2655488 [Thread-2] INFO Server - Node 3: thread pool is ready
2655488 [Thread-2] INFO Server - Node 3: thread pool is ready
2655489 [Thread-2] WARN com.edb.gridsql.communication.NodeAgent - Node Thread Pool was initialized twice on node 3
2655489 [Thread-2] INFO Server - Node 3: Connection to Coordinator is completed
2655489 [Thread-2] INFO Server - Node 3: Connection to Coordinator is completed
2655846 [pool-1-thread-7] INFO Server - Node 3: connection pool for database users is ready
2655846 [pool-1-thread-7] INFO Server - Node 3: connection pool for database users is ready


Mason_S

Senior member

Joined: 1 Apr 2008 09:03:08
Messages: 380
Offline

Hi Join,

Please try adding these lines:

xdb.node.3.port=6455
xdb.node.4.port=6456

to gridsql_agent.conf on the system that hosts nodes 3 and 4, and make similar changes for the other agents.

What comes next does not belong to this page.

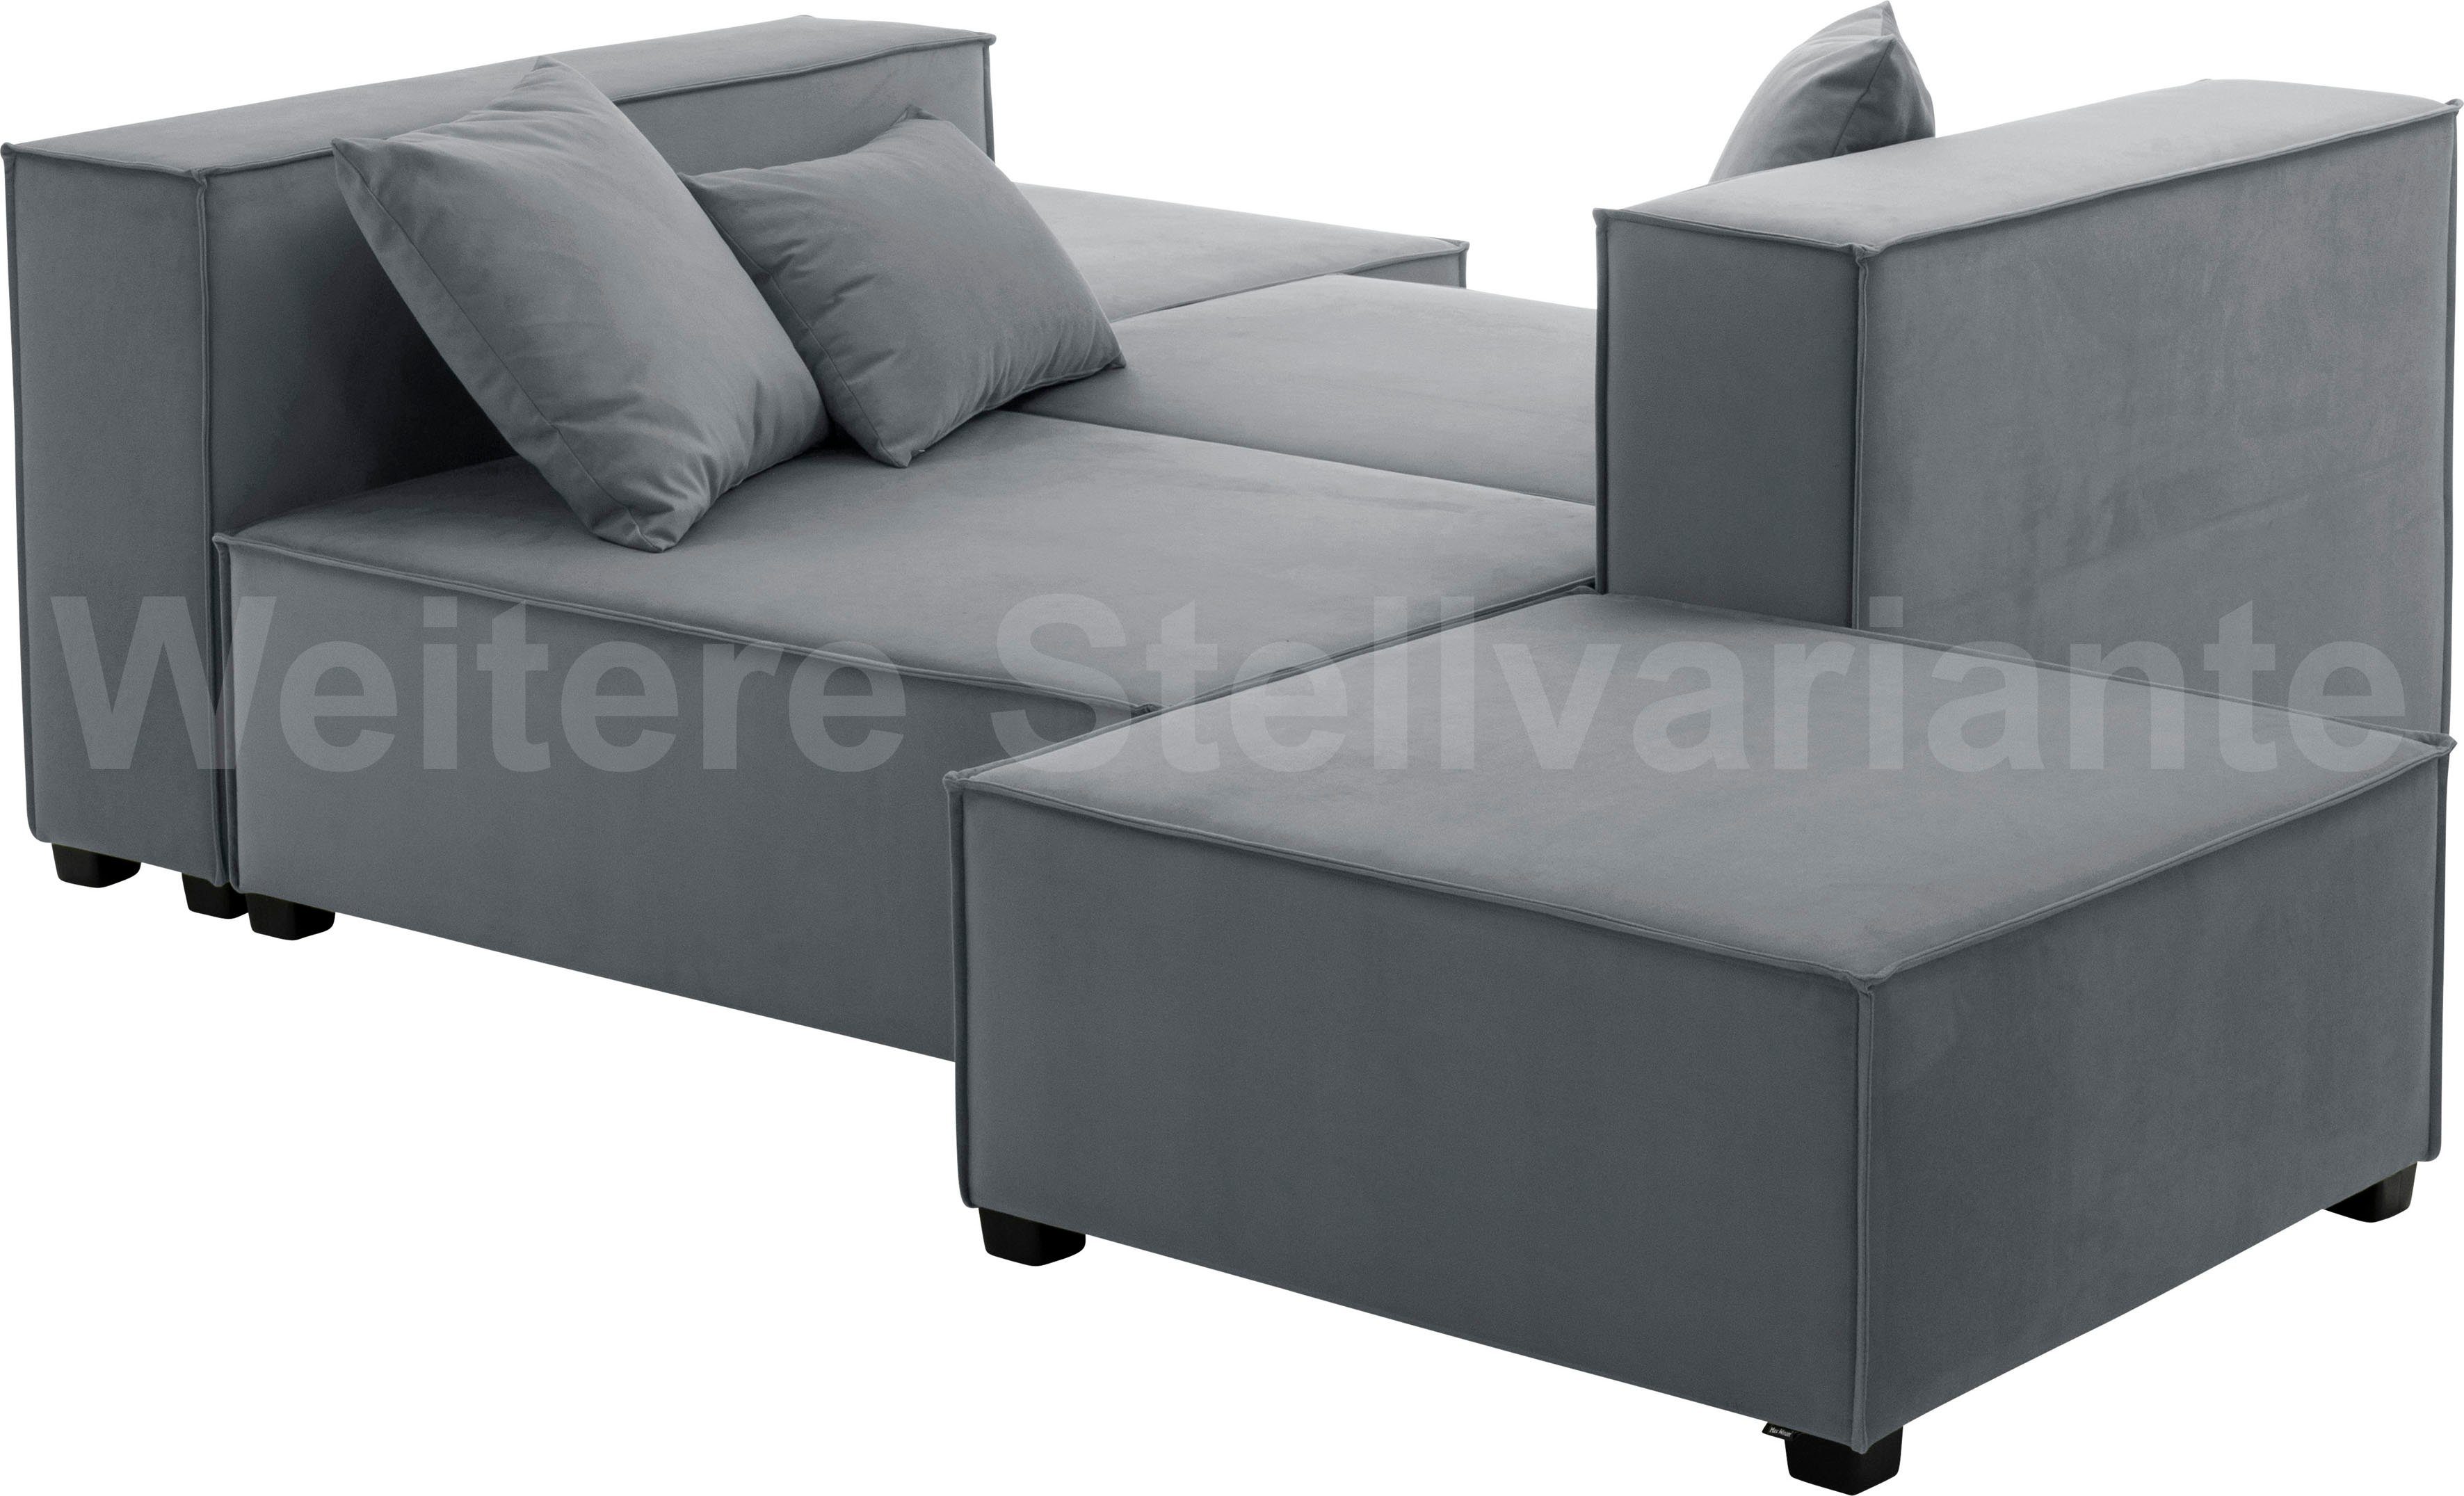 Max Winzer® Wohnlandschaft MOVE, Set, Sofa-Set 09 aus 6 Sitz-Elementen, inklusive 3 Zierkissen grau

On startup, the agent's connector starts listening on specified port. If this is not present, the connector does not listen for incoming connections and the coordinator won't be able to connect. Still, on startup the agent tries to connect to the coordinator and if successful, the coordinator will use this existing connection to send messages to the node. If the connection is broken because of coordinator is restarted or due to a network problem coordinator won't be able to restore the connection and node has to be restarted too.

I am not sure that this will solve the issue, but it is good to do anyway, and it was one difference in the configuration that the engineer had when trying to reproduce the problem.

Thanks,

Mason


[WWW]
Jon_K

Member

Joined: 19 Jun 2008 13:00:13
Messages: 28
Offline

Hi Mason,

Still no love from the agents to the coordinator. I have disabled the agents on the underlying nodes and am running the coordinator without them for the time being for stability.

I have now gone back to using two machines to test from scratch.

here is what I've found so far. Sorry, this may get long winded.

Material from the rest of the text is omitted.